Active learning reduces the labeling effort incurred by applying machine learning algorithms. Active learning procedures direct the attention of a labeler towards examples whose label is believed to convey a maximum of information. Labeled samples in active learning are governed by a distribution that differs from the natural test distribution for multiple reasons. An initial labeled sample may be compiled from auxiliary data sources; the natural input distribution may change over time, or may be altered by an adversary. In addition - and specific to active learning - an active instance selection procedure creates a labeled sample that is biased by the selection criterion. Treating the artificially selected sample in active learning as if it was governed by the test distribution is not necessarily the best course of action. We will understand, develop, and evaluate systematic approaches to active learning that account for this discrepancy between labeled training and test distributions.

Mining Jazz Data to Assess Development Processes

Principal Investigators: Andreas Zeller, Tobias Scheffer
Funding: IBM, Jazz Faculty Grant
Duration: 01/2008-12/2008

What is it that makes a good development process? We want to develop a plug-in that learns from collaboration and defect data as tracked by Jazz, relates features of the collaborative development process to the defect density of individual components, and thereby automatically predicts code quality. For instance, the plug-in might advise that package P should be reviewed more, because a new dependency on compiler internals has been added shortly before the release date by a developer who is new to the team.

Text Mining: Knowledge Discovery in Text Databases and Efficient Document Processing

(German project title: Text Mining: Wissensentdeckung in Textsammlungen und Effizienz von Dokumentenverarbeitungsprozessen)

Principal Investigator: Tobias Scheffer
Funding: German Science Foundation DFG, Emmy Noether Program
Duration: June 2003 through June 2008

The amount of documents available in archives and on the web is growing exponentially. This growth induces a demand for methods that automatically analyze large volumes of documents, discover and utilize valuable knowledge contained in them. A substantial part of our working processes consists of processing (i.e., reading, writing, manipulating) documents. Many tools support the administration of text documents, such as file systems, databases, or document management systems. Much greater efforts (and more expenses), however, are imposed by the actual document manipulation processes — such as writing documents. Any support of document manipulation processes requires substantial knowledge; it is therefore much more difficult to support document processing rather than document administration.
The goal of the „Text Mining“ project is to develop and study text mining algorithms that discover knowledge in large document archives, and utilize this knowledge to support future text manipulation processes.

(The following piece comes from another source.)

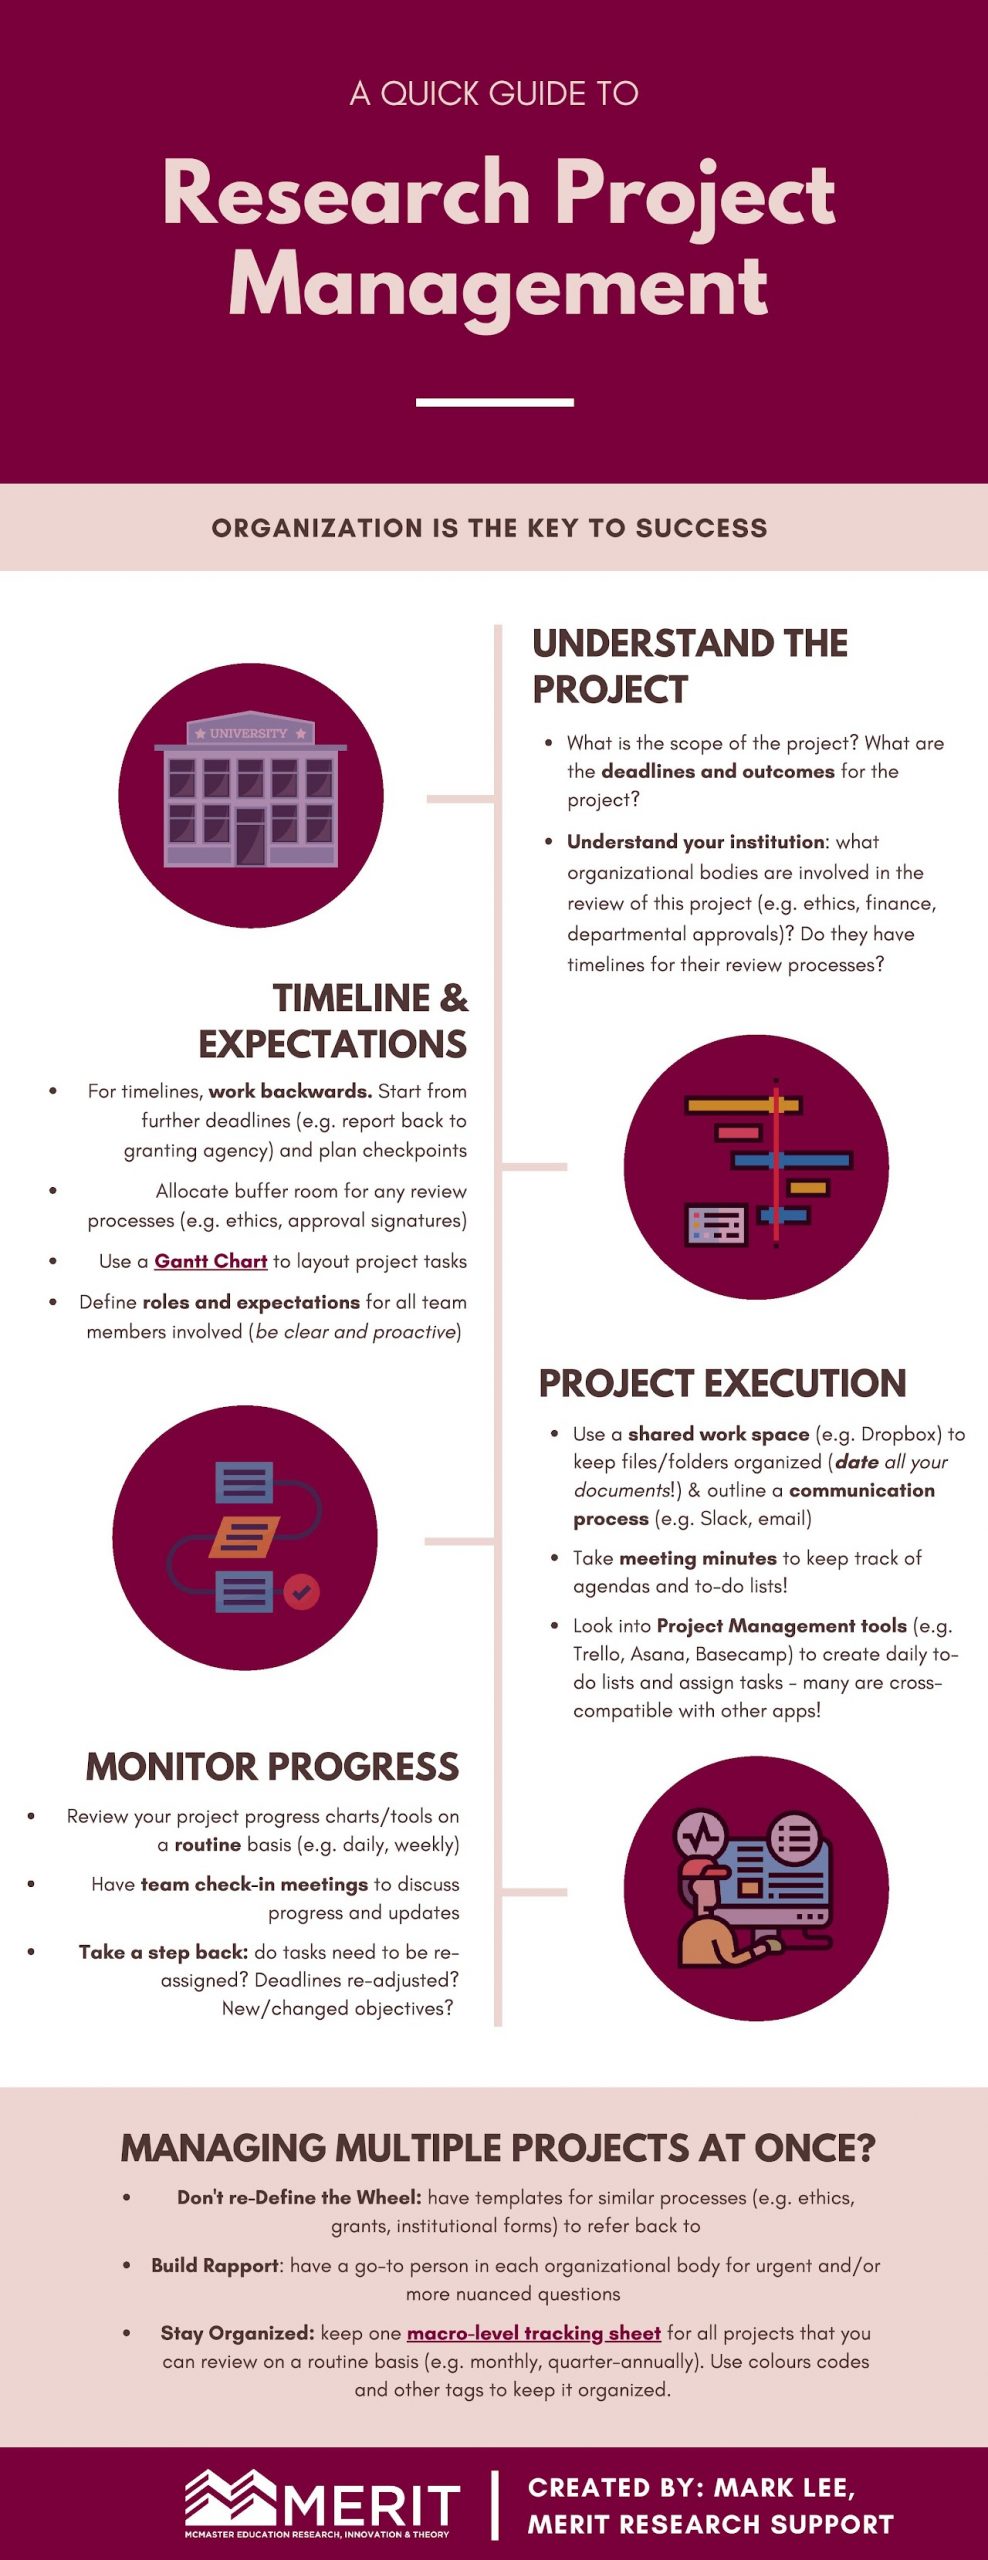 Infographic. A quick guide to Research Project Management. Organization is the key to success. Step 1: Understand the project: What is scope of the project? What are the deadlines and outcomes for the project? Understand the institution: what organizational bodies are involved in the review of this project (e.g. ethics, finance, departmental approvals)? Do they have timelines for their review processes? Step 2: Timelines & ExpectationsFor timelines, work backwards. Start from further deadlines (e.g. report back to granting agency) and plan checkpoints.Allocate buffer room for any review processes (e.g. ethics, approval signatures)Use a Gantt Chart to layout project tasks.Define roles and expectations for all team members involved (be clear and proactive) Step 3: Project ExecutionUse a shared work space (e.g. Dropbox) to keep your files/folders organized (date all your documents!) & outline a communication process (e.g. Slack, email). Take meeting minutes to keep track of agendas and to-do lists! Look into Project Management tools (e.g. Trellow, Asana, Basecamp) to create daily to-do lists and assign tasks - many are cross-compatible with other apps! Step 4: Monitor ProgressReview your project progress charts/tools on a routine basis (e.g. daily, weekly).Have team check-in meetings to discuss progress and updates.Take a step back: do tasks need to be reassigned? Deadlines re-adjusted? New/changed objectives? Managing Multiple Projects at Once?Don't re-define the wheel: have templates for similar processes (e.g. ethics, grants, institutional forms) to refer back to.Build Rapport: have a go-to-person in each organizational body for urgent and/or more nuanced questions.Stay Organized: keep one macro-level tracking sheet for all projects that you can review on a routine basis (e.g. monthly, quarterly-annually). Use colours codes and other tags to keep it organized. Created by Mark Lee, MERIT (McMaster Education Research, Innovation, and Theory) Research Support

Data and Text Mining in Quality and Service

Principal Investigator: Tobias Scheffer
Funding: DaimlerChrysler AG
Duration: 08/2005-07/2008

We study the problem of discovering trends and new developments in production and warranty databases as well as in workshop reports. We develop technologies that automatically identify such trends and discover their hidden causes. The goal of this project is the constructive analysis of data mining methods that lead to improved service processes by integrating and analyzing textual information and data from multiple, heterogeneous and distributed databases.